What ‘Julie and Julia’ Taught Me About Reaching Goals
Filed Under Successful Blog, Writing | 4 Comments

During a recent night of Netflix searching, my husband and I watched the movie “Julie and Julia.” This film, from 2009, intertwined the story of cooking sensation Julia Child with Julie Powell, a blogger who challenged herself to cook every recipe in Julia’s first book and record her experiences in a blog. This true life adventure helped me realize a key to reaching goals.
One pivotal scene is the movie is when Julie decisively commits to this cooking/blogging challenge. She announces her decision to her husband, Eric, and says that if she does not give herself a deadline, she will not complete that immense task. One year for 524 recipes.
Give yourself a deadline
When I worked for the newspaper, deadline was a word I heard daily. “Will it be ready by deadline?” “We have to meet deadline.” “Maybe we can extend the deadline a little for this breaking news.” “It’s too late; it’s after deadline.” The deadline dictated what would make the daily news.
With a blog, it’s hardly a necessity to make your content stick to a strict 10:30 a.m. deadline. However, there are benefits to establishing a blogging schedule.
A deadline means more than just the time your posts appear for public viewing.
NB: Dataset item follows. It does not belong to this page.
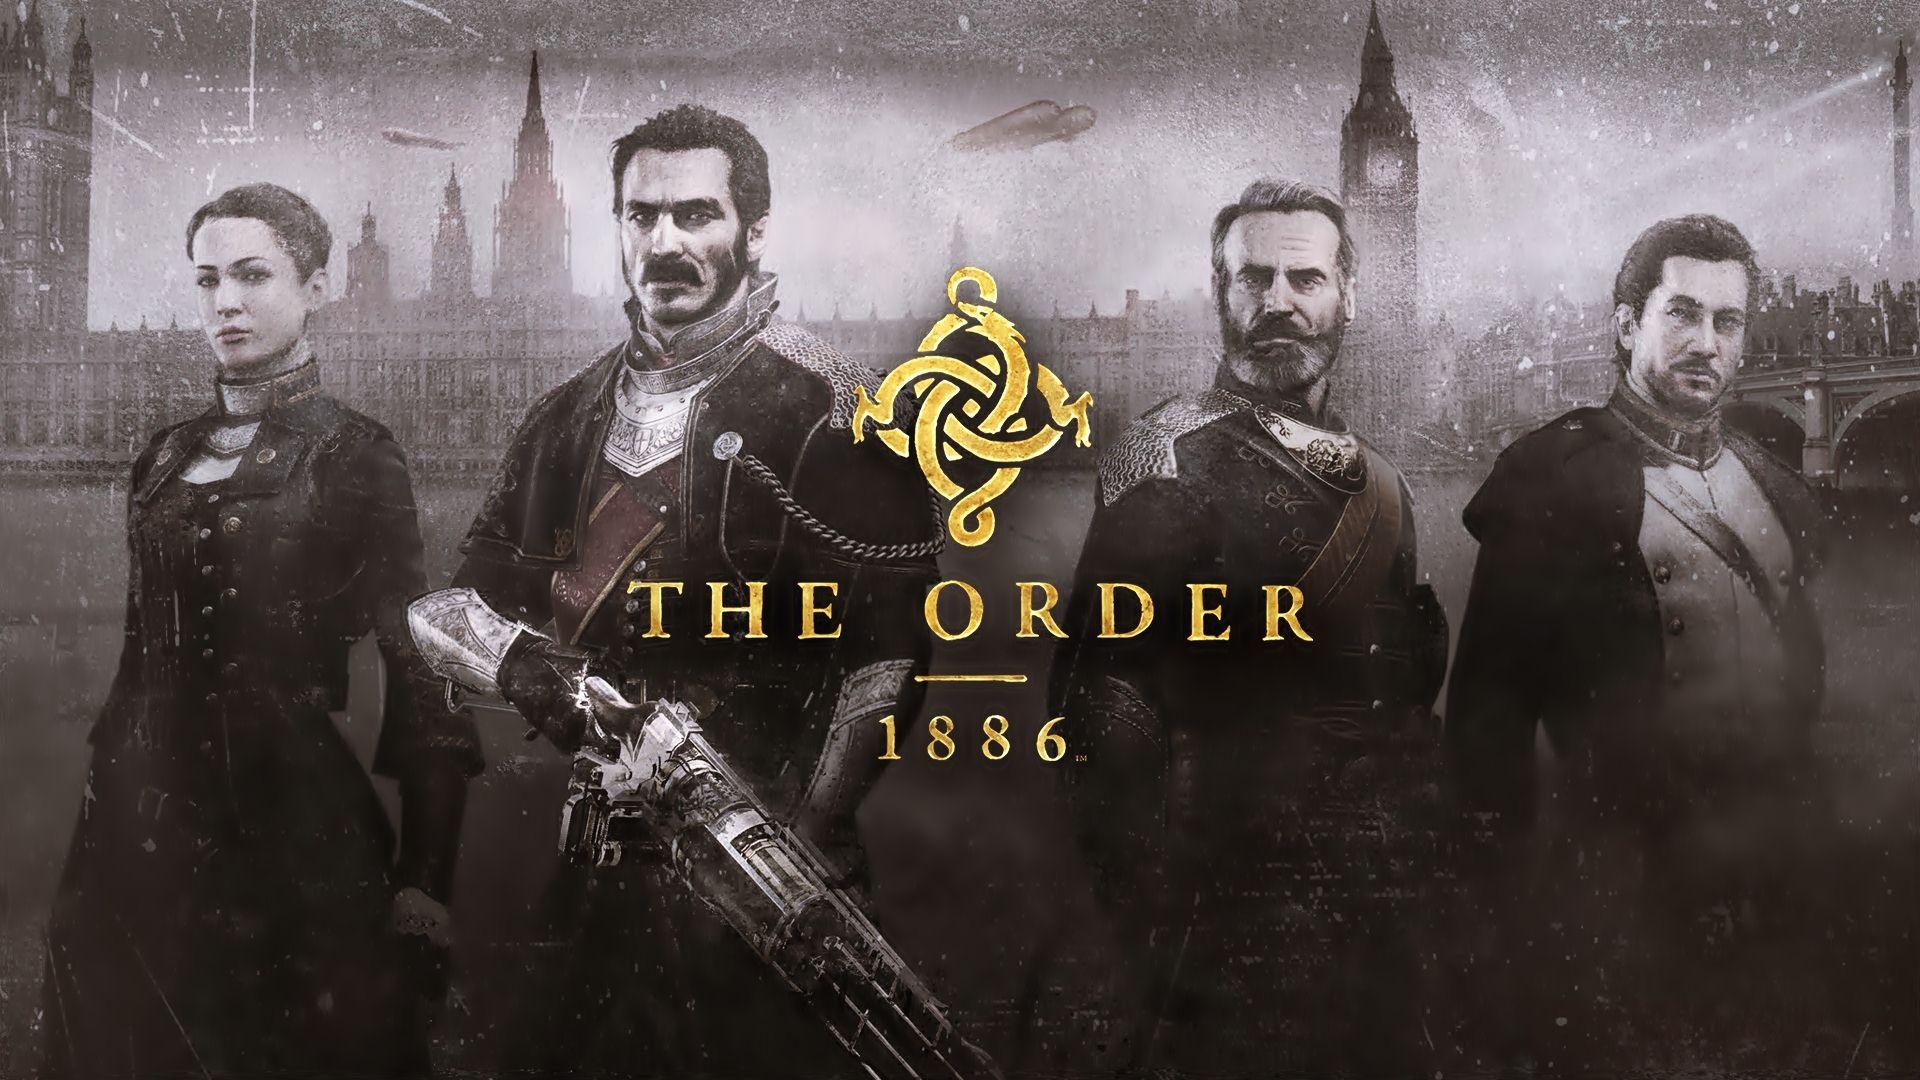 Стрим The Order 1886 - Изображение 1

A deadline gives your goal or goals a point of fruition.
Let me illustrate it this way. Let’s say that I want to start integrating video into my blog. I would give myself a week to research and purchase a video recording device and another week to shoot two to four videos. I would allot myself two to three hours per day per video to make my own edits. Then I would spend a day posting the videos and another week to fiercely promote them.
Know this, I’ve not yet put video on my blog. But this rough sketch gives me the idea that it would take me a good month to get a few decent video posts published. My time allocations fit my schedule. They might seem drastically long to you or perhaps not long enough. However, only I know what I can handle.
The same goes for you. You know what you are capable of achieving and how long it will take you.
Light a fire
Do you need to light a fire under yourself? Make your deadlines tighter and stick to them. Give yourself one week to get high quality video on your blog.
At the same time, be realistic. If you work a fulltime 40-hour week, such a task might be insurmountable in such a short period. Give yourself necessary leeway, not excuses.
And please, don’t decide to do something by the end of 2011. That’s too general. If you’re going to be that general, make several short-term goals and deadlines along the way.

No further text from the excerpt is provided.